Лавров огляделся. Ни доктора, ни женщины в красном пальто он не увидел. Кружа между домами, он проклинал себя за нерасторопность. Наконец он решил присесть на скамейку и подумать. Было слышно, как шаркает метлой дворник. Из открытого окна первого этажа раздавались звуки фортепиано – кто-то разучивал гаммы.
Лавров подошел к дворнику и спросил, не видел ли тот женщины в красном пальто.
– Третьего дня видел… – неохотно сообщил тот. – И сегодня тоже… Красивая дамочка, но как будто не в себе.
– Она живет в этих домах?
Дворник перестал мести, запустил пятерню в курчавую бороду и покачал головой.
– Почем я знаю? Каждого жильца не упомнишь…
– А мужчина здесь не проходил? Приличного вида, в куртке из коричневой кожи?
– Какие-то проходили… А ты кто будешь? – спросил он Лаврова. – Частный сыщик?
– Вроде того.
– Ты вот тоже в куртке, – заметил дворник. – Курево есть?
Лавров на такой случай всегда имел в запасе пачку сигарет.
– Угощайся…
– Я возьму две папироски? – обрадовался дворник.
– Бери, бери…
– Мужик, о котором ты спрашиваешь, два раза тут пробегал… будто чумной. То ли ищет кого, то ли следит за кем…
– Сегодня пробегал?
– И сегодня тоже… прямо перед тобой, – сказал дворник, прикуривая от зажигалки Лаврова. – Туда свернул…
Он показал в тень между домами и с наслаждением затянулся.
– Сначала дамочка, потом он… Тебя наняли следить за ней?
Лавров кивнул, чтобы не придумывать других объяснений.
– Место тут нехорошее, – вдруг заявил дворник, пуская дым носом. – Худое место.
– Что значит «худое»?
– В эти дворы как-то ученые явились с приборами, измеряли что-то… с рамками ходили по подъездам. Говорят, в полнолуние сюда лучше не соваться. Нечисть тут водится.
– Какая нечисть?
– Ну, призраки… или как их там… Если зазеваешься, схватят и под землю уволокут! – весело доложил дворник. – С концами! Здесь человеку пропасть – раз плюнуть!
– И что, пропадали уже?
– Еще бы не пропадать!

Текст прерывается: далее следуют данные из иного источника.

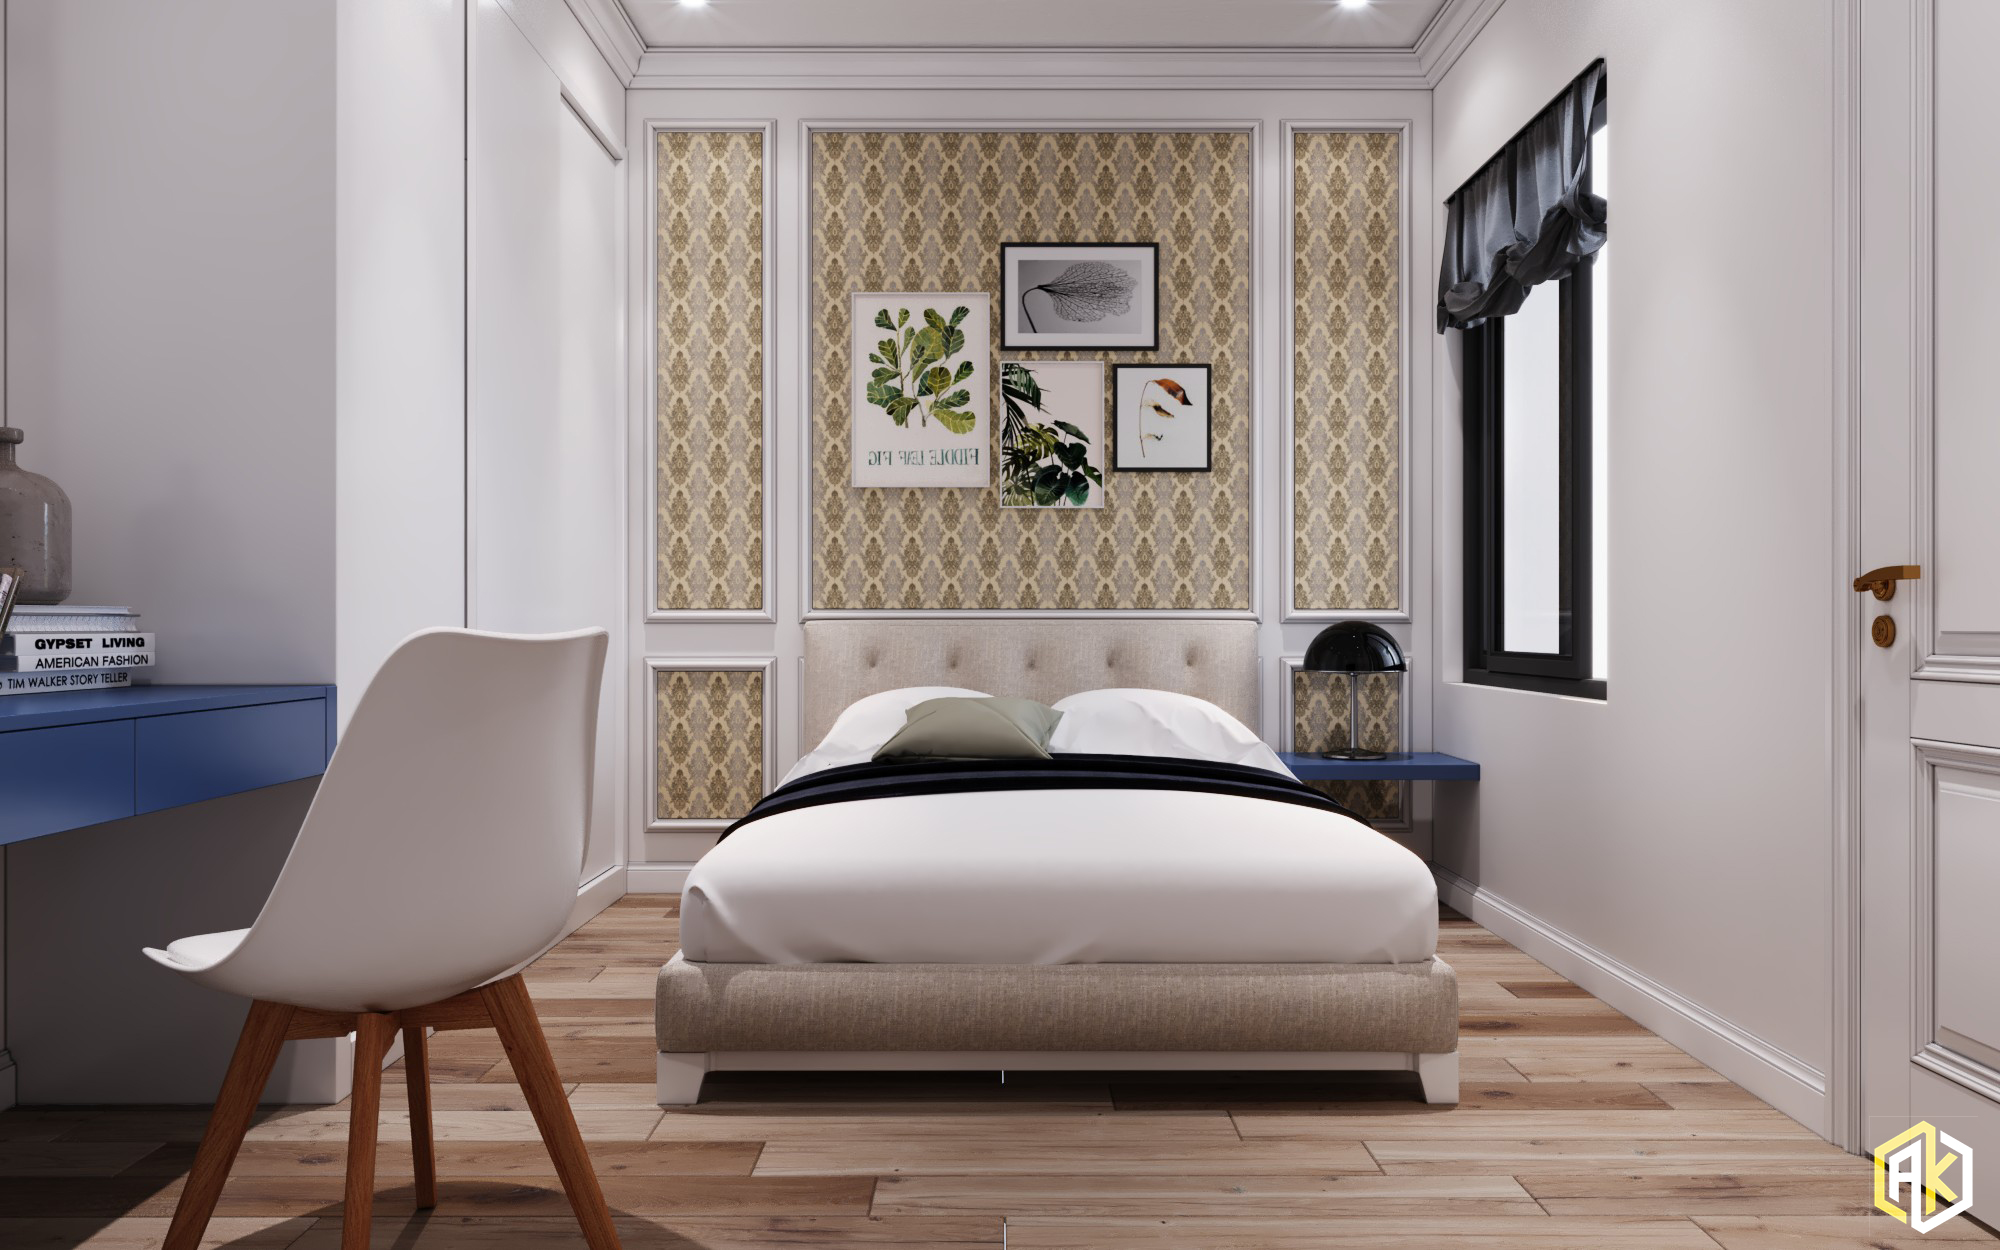 hình minh hoa thiết kế nội thất chung cư 2 phòng ngủ với cách sắp xếp khoa học thông minh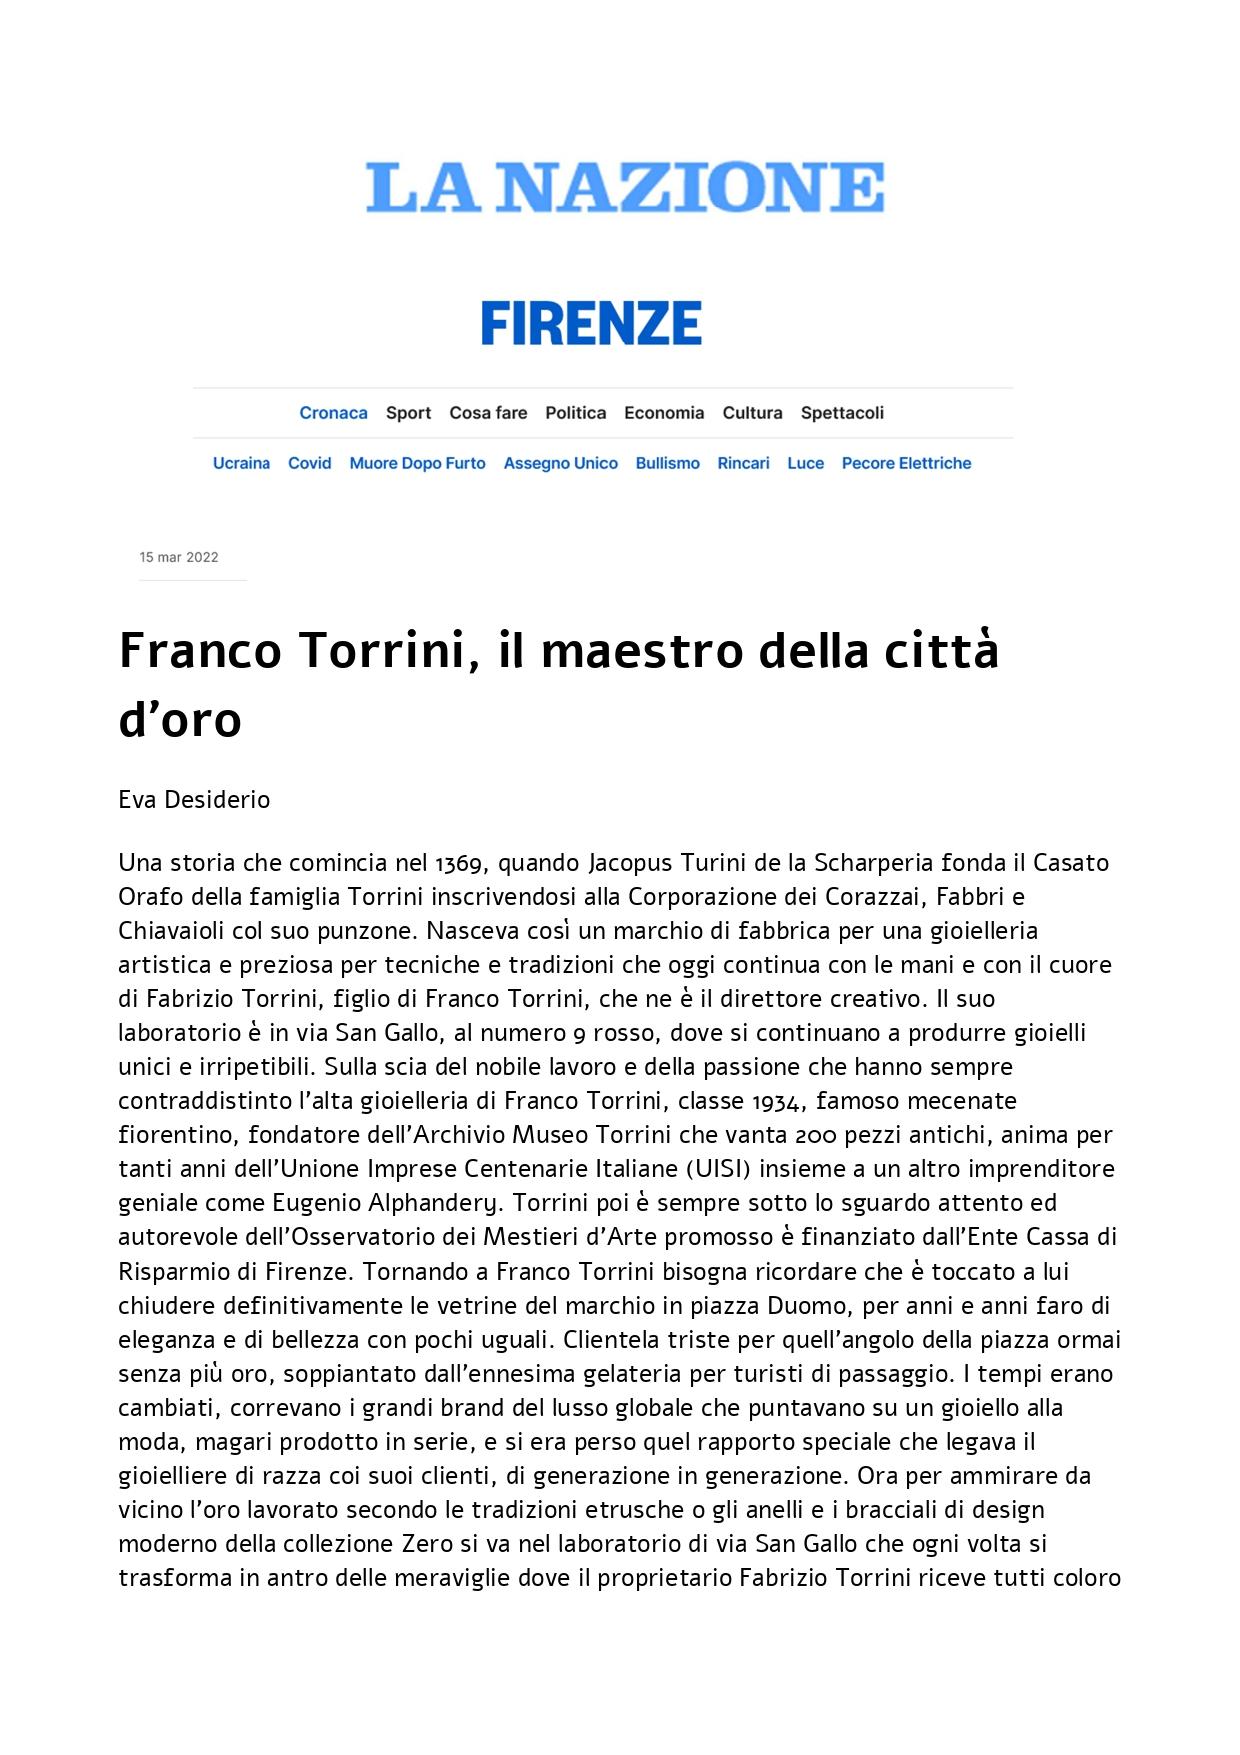 La Nazione Franco Torrini il maestro della città doro 15 marzo 2022 page 0001

Тут дома старые, с дурной репутацией. Вон там, где окна с решетками, в прошлом веке купец жил с семьей – однажды их всех нашли повешенными. Мне бабка рассказывала, она пять лет как преставилась. Почитай, до девяноста дотянула. Я здешний, коренной. Жена выгнала, а коммунальщики мне комнату дали. Живу не тужу. Физический труд полезен для здоровья.
Дворник, несмотря на курение, правда выглядел здоровяком – рослый, румяный, с задорно блестящими глазами. Метла в его руках казалась игрушечной.
– Махай себе метлой, мозги не парь, и до ста годков доживешь, – сказал он Лаврову. – Главное, в полнолуние из дому ни ногой. Сиди и молись!
– Интересное местечко…
– А то! В другом доме, где сейчас ремонт, раньше бабенка одна зарезалась… не насмерть, а так… покончить с собой хотела. Муж у нее был благородных кровей, граф или князь… она ему изменяла с кутилой, гусаром… Граф их застал. И не стерпел, побил изменщицу. Она и зарезалась ему назло…
– Не насмерть же?
– Не насмерть, – подтвердил дворник. – Потом залетный хахаль девицу придушил, горничную ихнюю… Графа чуть не засудили. Чудом избежал каторги. Бросил все и уехал за границу… в Париж… Только и там ему житья не было…
Подброшенная Самойловичем идея крепко засела в голове Оленина. Он украдкой наблюдал за горничной. Фрося все больше казалась ему похожей на Иду. Если одеть ее подобающим образом… причесать, накрасить, облить духами…
«Я схожу с ума, – ужасался граф, однако не в силах был освободиться от власти каких-то злых чар, навеянных приятелем. – Я дошел до опасной грани. Я могу незаметно перейти ее, и тогда…»
Что произойдет «за гранью» думать было страшно, и Оленин гнал от себя дурные мысли. По ночам он забывался беспокойным сном, где Саломея показывала на него пальцем и требовала у Верховного Владыки его голову…
Двое дюжих стражников с кожей цвета эбенового[15] дерева волокли его к плахе. Там ожидал палач с огромным топором. Острое лезвие молнией вспыхивало в лучах луны, и… граф просыпался, весь в испарине, дрожащий от ужаса.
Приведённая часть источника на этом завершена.